Na
abertura de mercado desta quarta-feira (6), o ambiente internacional segue marcado por
maior apetite por risco, com os mercados reagindo aos sinais de avanço nas negociações entre Estados Unidos e Irã, reduzindo as tensões geopolíticas no
Oriente Médio.
Os
índices futuros em Nova York operam em alta, com S&P 500, Nasdaq e Dow Jones apontando para ganhos robustos, enquanto as bolsas europeias e asiáticas também avançam. No câmbio, o
dólar perde força globalmente e os rendimentos dos títulos de renda fixa de dívida pública do governo norte-americano (
Treasuries) recuam.
No mercado de
commodities, o
petróleo cai com força (ao redor de 9%) diante da expectativa de normalização dos fluxos pelo Estreito de Ormuz, enquanto o
minério de ferro sobe 2,84% na Bolsa de Dalian, cotado a US$ 122,40 por tonelada, após a reabertura do mercado chinês.

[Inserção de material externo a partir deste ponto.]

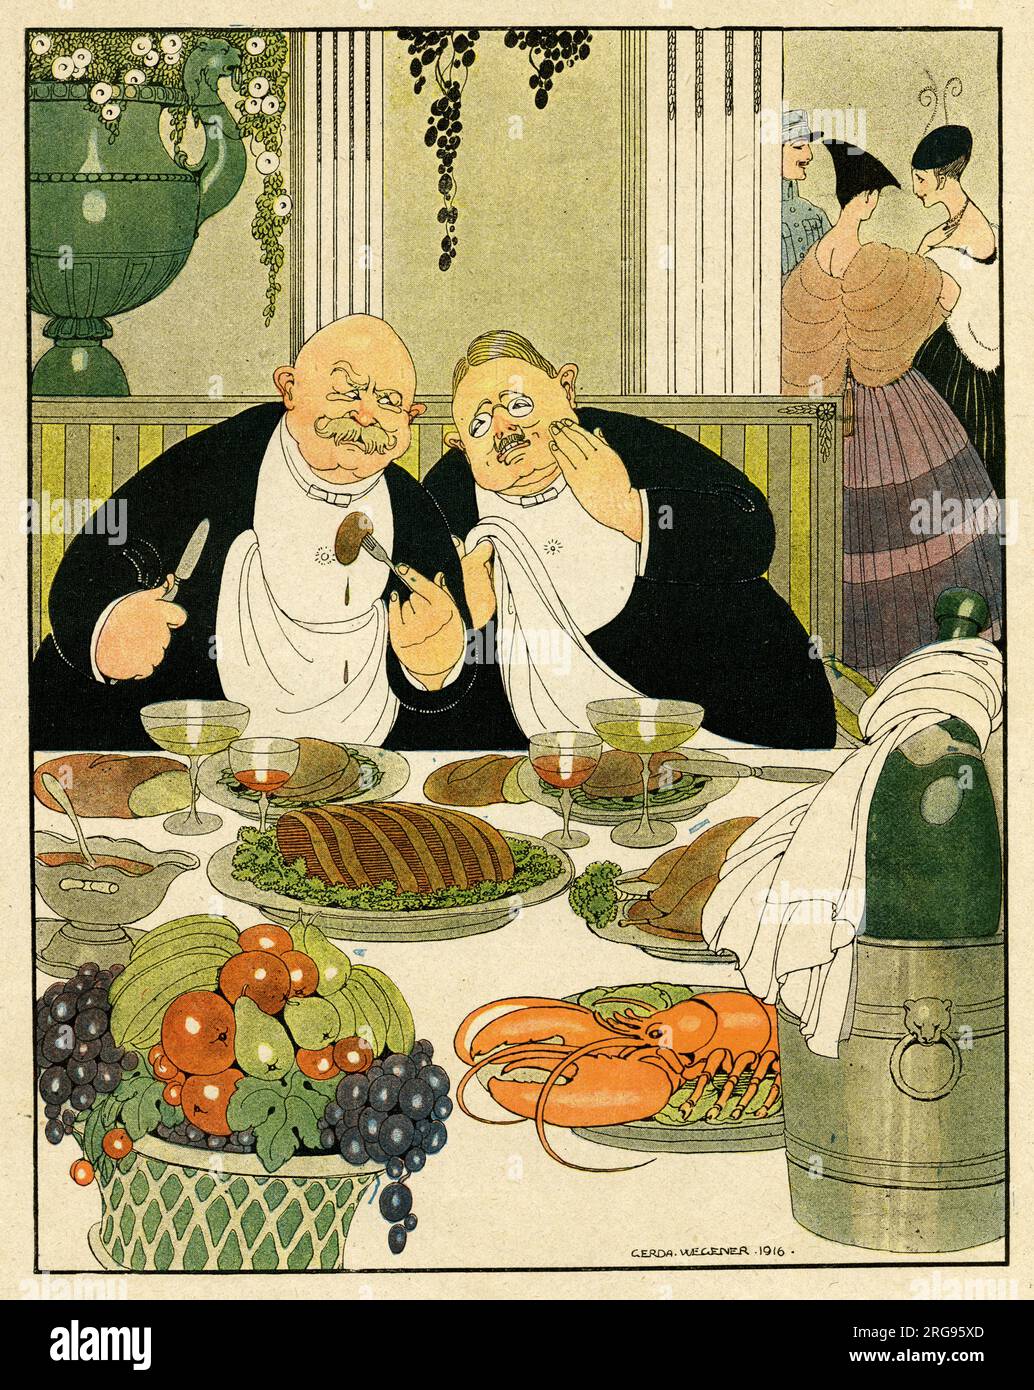 Cartoon, zwei deutsche Spione. Zwei fette Männer an einem Tisch mit Essen sind sich einig, dass es sich lohnt, Spione zu sein und ihr Leben zu riskieren, wenn sie so gut essen können. Stockfoto
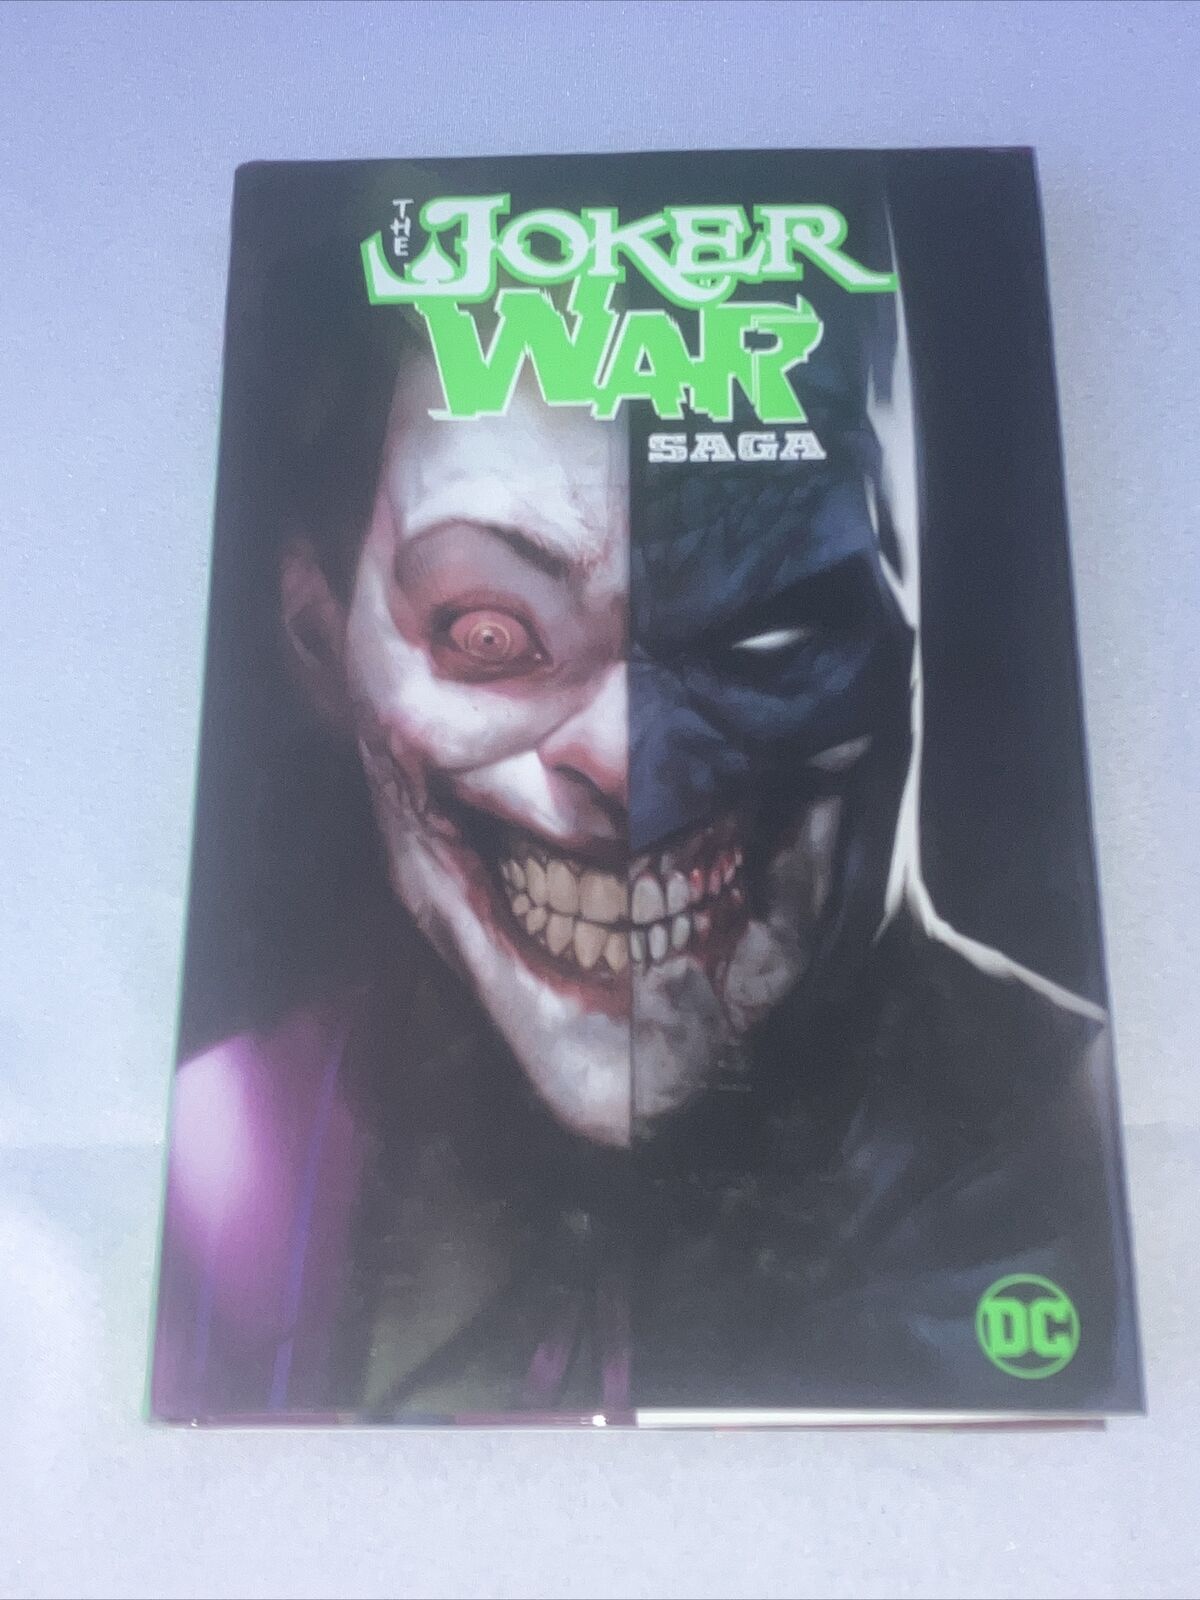 The Joker War Saga (DC Comics April 2021)

No Brasil, o cenário externo mais construtivo tende a favorecer os ativos locais, embora a queda expressiva do petróleo possa limitar o desempenho de empresas do setor.
No pré-mercado em Nova York, o ETF brasileiro,
EWZ, avançava quase 2%, enquanto as
ADRs (American Depositary Receipts) da
Petrobras recuavam mais de 4%, refletindo diretamente o movimento negativo da commodity.
No câmbio, o real segue beneficiado pelo enfraquecimento do dólar, com atenção ao leilão de swap cambial reverso do Banco Central, visto como tentativa de conter uma apreciação adicional da moeda. O mercado também acompanha a temporada de balanços, com repercussão de resultados corporativos do 1T26.